# Katahdin



## LiveFreeorDie NH (Jul 19, 2001)

Can anyone suggest a good day hike for Katahdin?


----------



## Anonymous (Jul 19, 2001)

Saturday?

Trail Talk


----------



## Mike P. (Jul 24, 2001)

Almost all are good, key is getting into park early enough to get choice.  Many people believe best is from Roaring Brook by Chimney Pond.  Stop by Sandy Stream Pond for good chance of seeing moose,

After than if yoiu can't get to Katahdin, Owl, Doubletop & North Brother are all worthy destinations.  On a Saturday or Sunday you will need to arrive at gate before (or near & no later than 5:15) 5:00 if you want choices on your destination


----------



## SherpaKroto (Jul 26, 2001)

Mike's recomendations are right. Get there early (I'd do 4:30 on Saturdays). My choices, all start at Roaring Brook:
1) Up to Chimney Pond - easiest: Saddle to Baxter
2) Chimney to Dudley over Knife Edge: Dudley is very steep and exposed. Knife edge is self explanatory
3) Chimney to Cathedral: a very steep ascent with great views. A good alternative to Knife Edge if winds are strong on the ridge. I wouldn't want to go down this trail
4) Helon Taylor to Knife Edge: Long climb up Keep ridge. Great views, not recommended in questionable weather
5) Chimney Trail to North Basin Cutoff to Hamlin Ridge: an absolutely beautiful trail with incredible views. I highly recommend this as part of a loop (going down is not too bad if you want to do it in reverse). The ONLY reliable spring on the TableLand is at the intersection of Hamlin Ridge and Northwest Basin Trail. Hamlin Ridge is one of the nicest trails I've ever been on.

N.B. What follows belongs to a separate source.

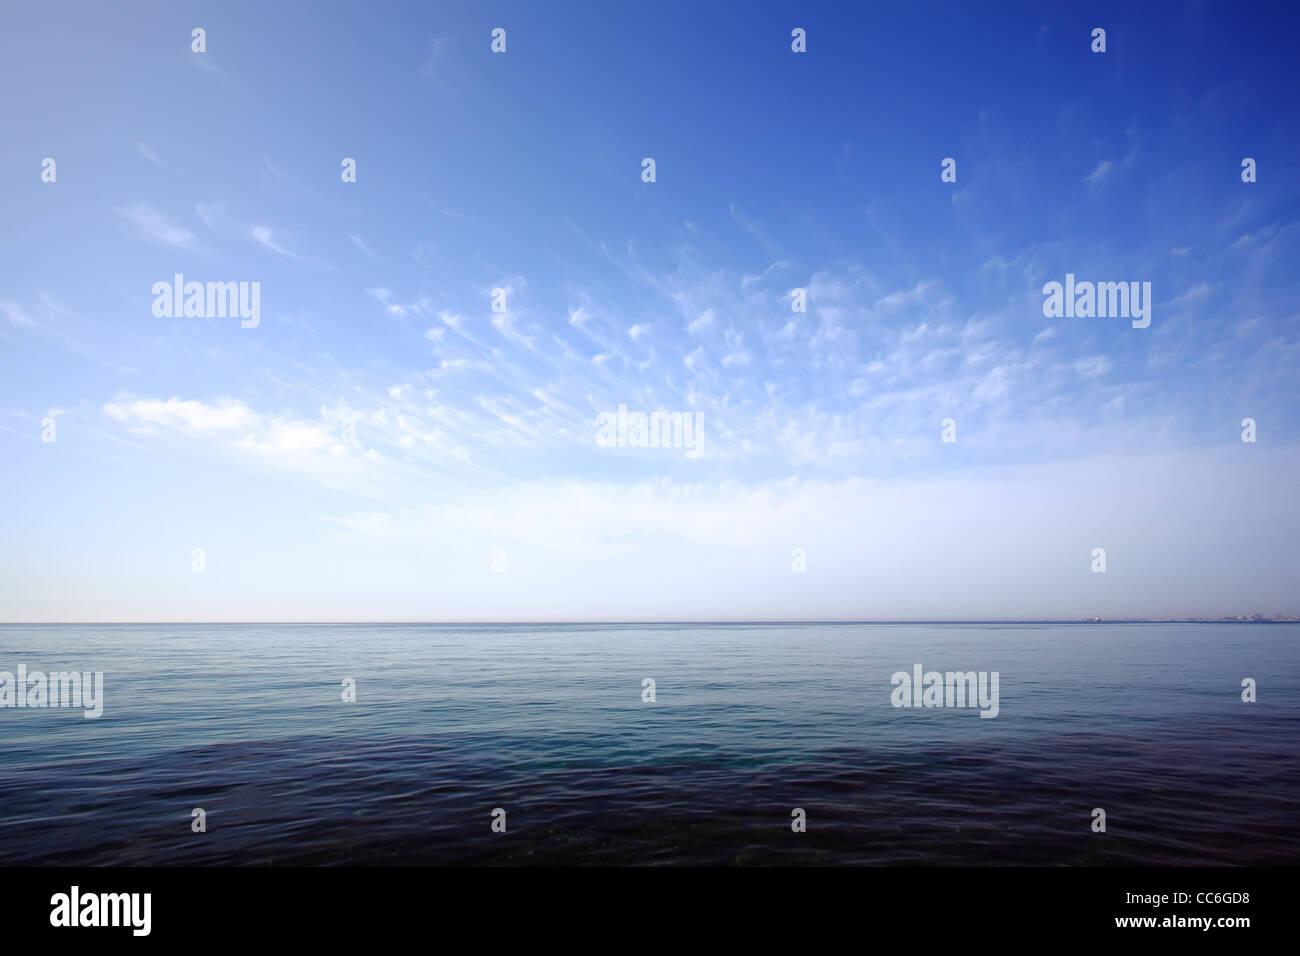 Cielo e mare sullo sfondo. Natura seascape. Città su un orizzonte. Larnaca, Cipro. Immagini Stock

One general caution - Baxter State Park is much "wilder" than the Whites. You are usually further from safety, so bear this in mind. The area is rugged, and I've found that I tend to hike slower than usual (partly because I'm taking in the scenery). You drive all of the way out there, so take the time to savor it.
Good Luck - SherpaKroto


----------



## LiveFreeorDie NH (Jul 26, 2001)

Thanks everyone for the recommendations, I look forward to making it up to Baxter to spend some time, hopefully soon.  I have been talking to some people from ME and have been hearing similar opinions.
Thanks Again


----------



## David Metsky (Jul 30, 2001)

If you've already done Baxter Peak or want to try something different, the Brothers make a very interesting dayhike, as does Mt Doubletop.  You can do a relatively flat loop into Russell Pond.

 -dave-


----------